[Python] 自动化办公从Excel提取信息到word表格

作者: 半为花间酒 | 来源:发表于2020-04-22 22:57 被阅读0次

[Python] 自动化办公从Excel提取信息到word表格
Python办公自动化｜从Excel到Word
[Python] 自动化办公从word表格中提取信息到Exce
Python 学习01：Word to Excel
office办公软件基础知识电脑自学|word excel pp
传统办公模式的“助推器”，搭建OA办公系统，原来就这么简单！
每天学①点一一Excel表格 → Word表格，转换不变形。
将多个Word文档中指定位置的值批量提取到Excel表格中
用Python自动化生成爱豆日历
Python操作EXCEL电子表格

转载请注明：陈熹 chenx6542@foxmail.com （简书号：半为花间酒）
若公众号内转载请联系公众号：早起Python

这篇文章能学到的主要内容：

openpyxl读取Excel获取内容

docx读写word文件

能学到的小技巧：

os获取桌面路径

win32com批量doc转换为docx（仅windows用户）

（文末附原始数据文件下载链接）

今天早起python公众号的读者提出了一个需求：
（由于涉及文件私密所以具体内容已做修改）

每一列的数据需要按照一定规则填到一个word模板里，规则和模板大致如下：

这些是需要填写的部分，整体的模板要复杂一些：

还有一个需求：最终输出的word文件命名如下：
C列的数据去重然后用&链接 + G2 + V列数据求和 + P列的数据去重后用&连接 + 当天日期(如：2020年04月22日) + 验货报告

从需求和文件格式上看，这次文件的读写解析任务较复杂，码代码和思考时间会较久，因此需要想清楚一个问题：
这次需要完成的任务是否工作量很多，或者以后长期需要进行，用python可以解放双手？

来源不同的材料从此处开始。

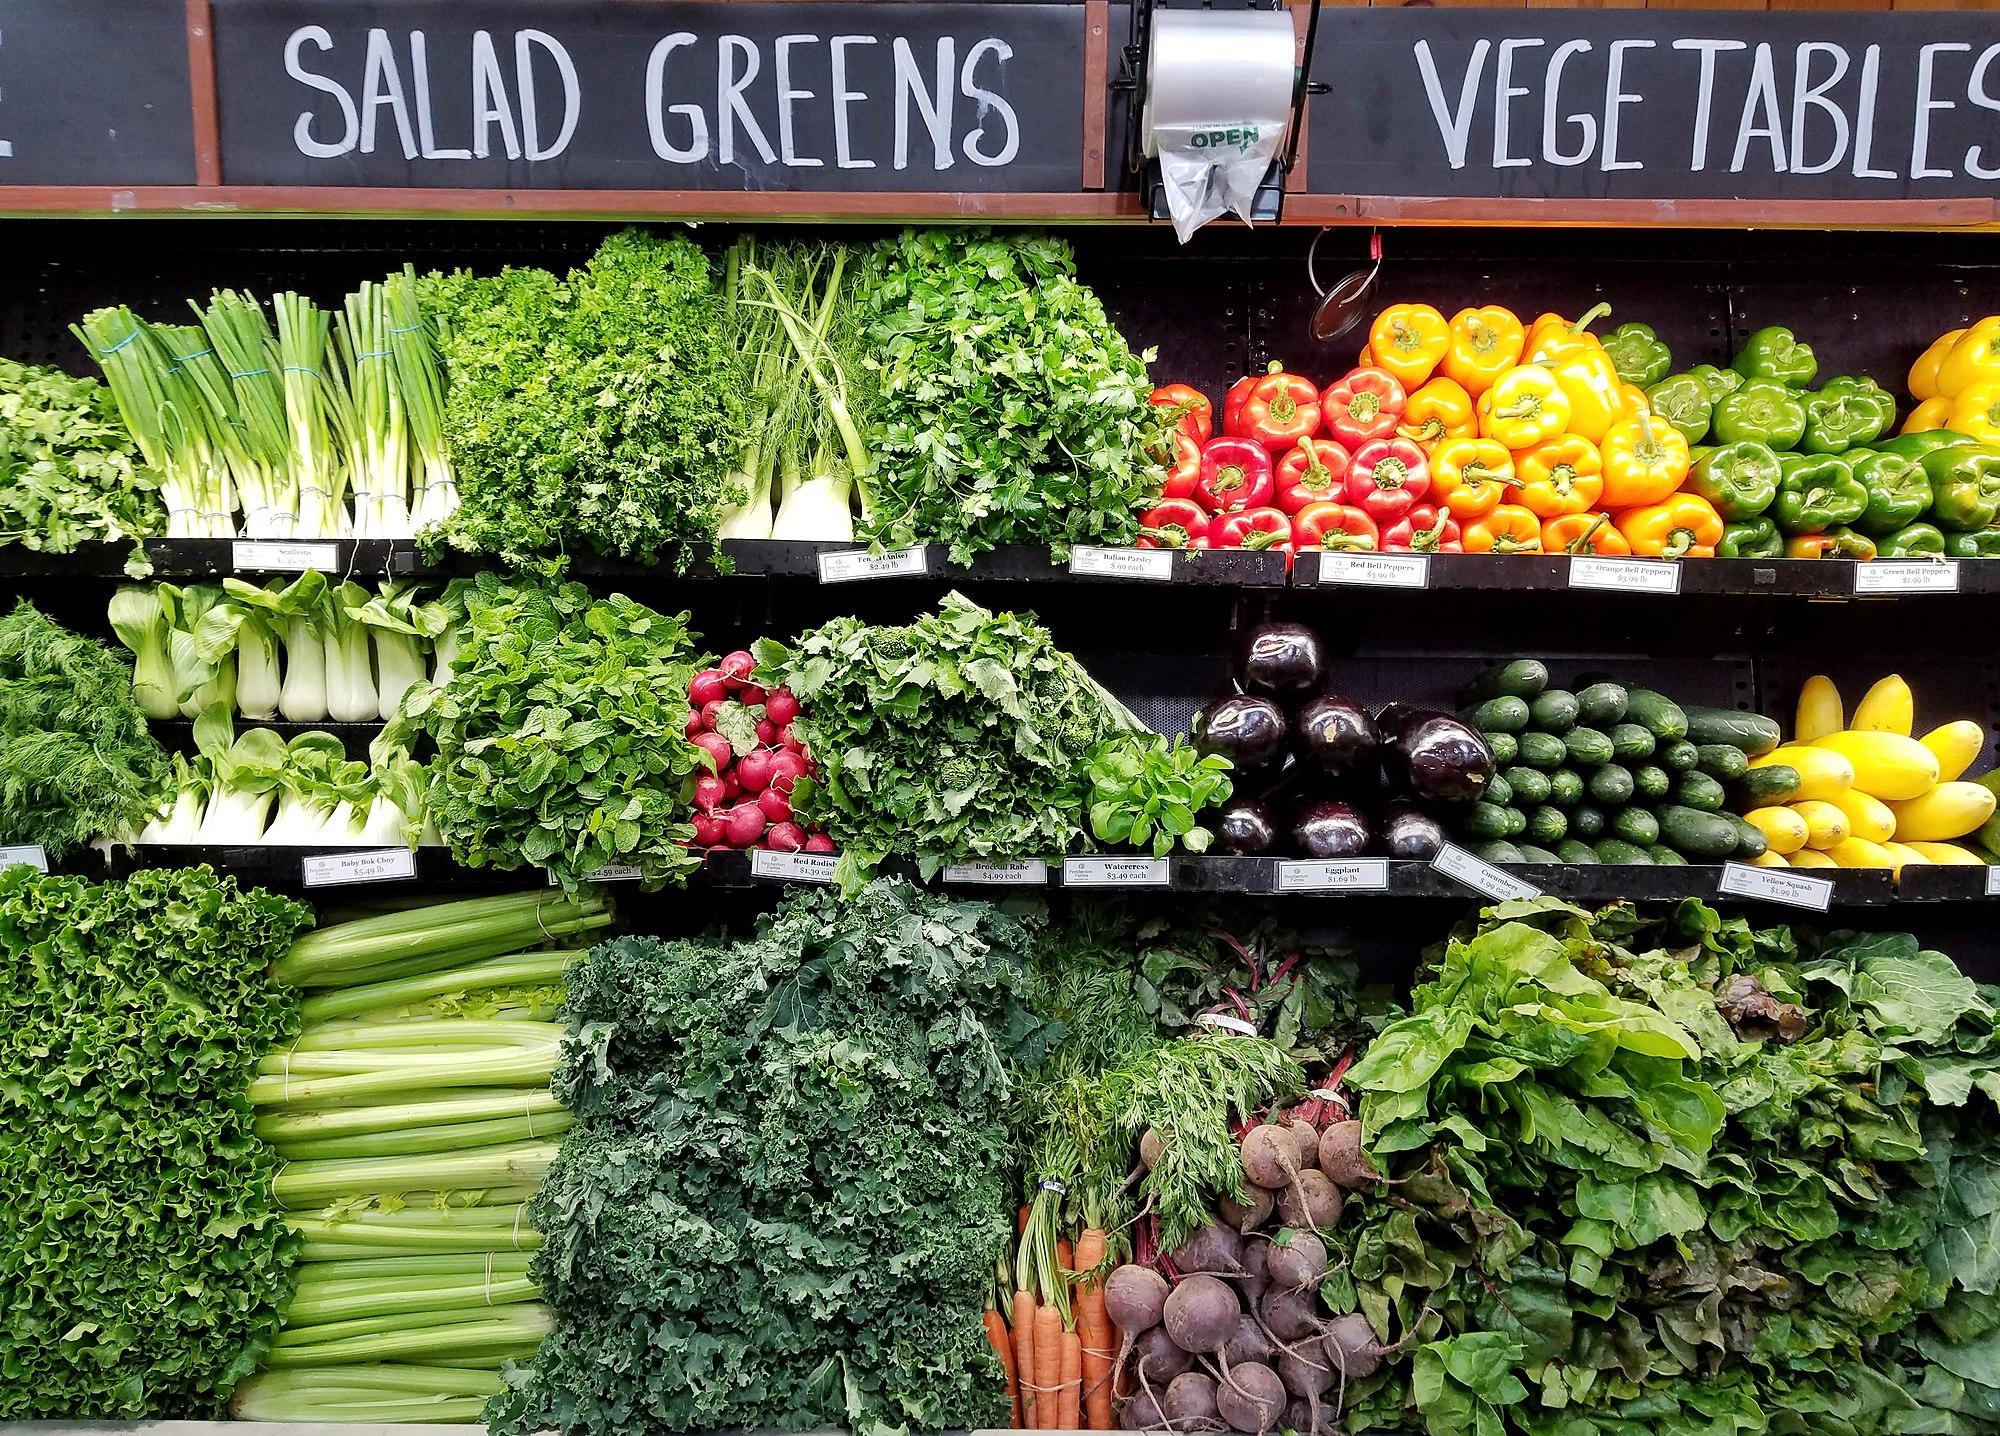 Salad greens and vegetables - Cambridge, MA.jpg

如果不是，实际上手动就可以完成，失去了自动化办公的意义

ok接下来我们正式码代码

1. 解析Excel的数据

将原始数据解压缩后文件夹放在桌面即可
当然如果你想放其他地方也可以，就指名绝对路径

from openpyxl import load_workbook
import os

# 获取桌面的路径
def GetDesktopPath():
    return os.path.join(os.path.expanduser("~"), 'Desktop')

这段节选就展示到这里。